4. The method of claim 3, wherein the apparatus is in the reproducing mode, and wherein, while the moving-image data is being reproduced, portions of the moving-image data are replayed or skipped in response to a command signal generated by a user during playback of the moving-image data.

5. The method of claim 1, further comprising:

storing, in the moving image file, audio data corresponding to the moving-image data in the moving image file.

6. The method of claim 3, wherein, when the apparatus in the reproducing mode, audio data corresponding to the moving-image data is reproduced.

7. The method of claim 1, wherein the frame data stored in the moving-image file is data of a file compressed according to a still-image compressing algorithm.

8. The method of claim 1, wherein the moving-image file comprises a file starter, head data, still-image frame data, and a file terminator.

9. The method of claim 8, wherein the moving image file further comprises audio data corresponding to the moving-image data.

10. The method of claim 1, further comprising:

determining the remaining capacity of the recording medium.

11. The method of claim 10, further comprising:

determining whether the remaining capacity of the recording medium is sufficient for recording.

12. A digital photographing apparatus comprising a digital signal processor, wherein the digital signal processor performs steps comprising:

when the apparatus is in the moving-image photographing mode, inputting moving-image data into the apparatus; creating a moving-image file in a storage medium; storing moving-image data in the moving-image file; and storing frame data of the moving-image data in the moving-image file as still-image data;

when the apparatus is in the reproducing mode, displaying a still image of the frame data stored in the moving-image file as a representative image of the moving-image file; and reproducing the moving-image data stored in the moving-image file.

13. The digital photographing apparatus of claim 12, wherein the moving-image file comprises a file starter, head data, still-image frame data, and a file terminator.

14. The digital photographing apparatus of claim 12, wherein the still-image frame data is initial frame data.

15. The digital photographing apparatus of claim 12, wherein the digital signal processor, while in the reproducing mode, performs further steps comprising reproducing the moving-image data in response to a reproduction command signal generated by a user.

16. The digital photographing apparatus of claim 15, wherein the apparatus is in the reproducing mode, and wherein, while the moving-image data is being reproduced, portions of the moving-image data are replayed or skipped in response to a command signal generated by a user during playback of the moving-image data.

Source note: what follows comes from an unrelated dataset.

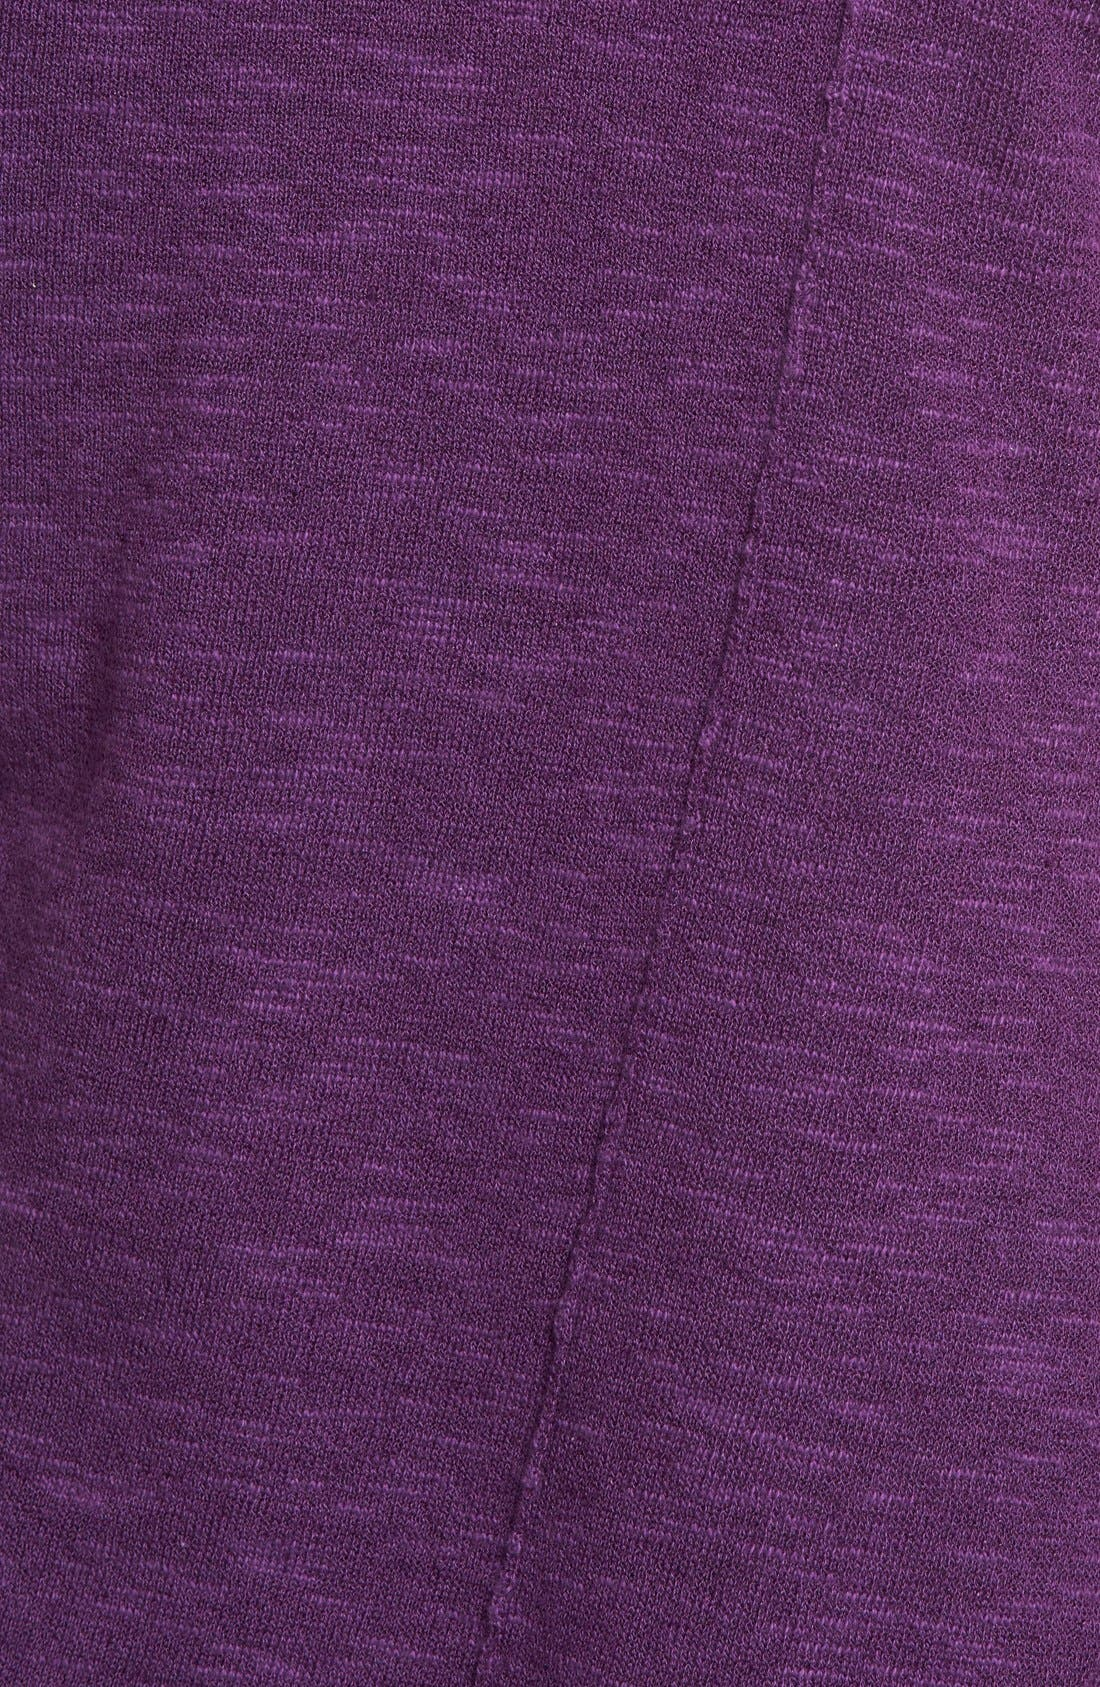 Cap Sleeve Organic Linen & Cotton Scoop Neck Top,                             Alternate thumbnail 33, color,

17. A digital photographing apparatus comprising:

means for creating a moving-image file in a storage medium;

means for storing moving-image data in the moving-image file;

means for storing frame data of the moving-image data in the moving-image file as still-image data;

means for displaying a still image of the frame data stored in the moving-image file as a representative image of the moving-image file; and

means for reproducing the moving-image data stored in the moving-image file means for inputting and processing light.

18. The digital photographing apparatus of claim 17, wherein the creating means comprises means for defining a file starter, head data, still-image frame data, and a file terminator.

19. The digital photographing apparatus of claim 17, further comprising means for reproducing the moving-image data in response to a reproduction command signal generated by a user.

20. The digital photographing apparatus of claim 17, further comprising means for replaying or skipping portions of the moving-image data in response to a command signal generated by a user during playback of the moving-image data.